* **PROVIDED RECORDS**

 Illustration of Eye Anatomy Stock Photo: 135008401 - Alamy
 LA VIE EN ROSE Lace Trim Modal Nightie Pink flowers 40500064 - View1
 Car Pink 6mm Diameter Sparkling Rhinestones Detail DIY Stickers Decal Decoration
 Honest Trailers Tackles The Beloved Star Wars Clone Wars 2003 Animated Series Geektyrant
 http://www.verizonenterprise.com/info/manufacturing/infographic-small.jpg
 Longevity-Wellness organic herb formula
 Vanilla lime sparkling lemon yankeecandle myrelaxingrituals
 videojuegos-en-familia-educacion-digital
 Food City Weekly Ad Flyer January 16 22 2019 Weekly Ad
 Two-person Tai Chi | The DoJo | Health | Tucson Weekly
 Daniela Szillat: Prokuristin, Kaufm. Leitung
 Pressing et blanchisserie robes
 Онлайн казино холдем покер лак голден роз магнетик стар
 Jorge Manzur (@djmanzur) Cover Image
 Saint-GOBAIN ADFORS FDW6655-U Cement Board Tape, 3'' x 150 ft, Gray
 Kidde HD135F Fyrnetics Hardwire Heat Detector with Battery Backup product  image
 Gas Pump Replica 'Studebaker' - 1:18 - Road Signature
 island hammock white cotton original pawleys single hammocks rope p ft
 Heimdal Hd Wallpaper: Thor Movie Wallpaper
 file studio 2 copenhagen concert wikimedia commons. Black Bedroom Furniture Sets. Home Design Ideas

* **EXERCISE GOAL**
State how many lines in the entries hold "Weekly". Nothing should come before or after the number.

* **ANSWER AREA**
2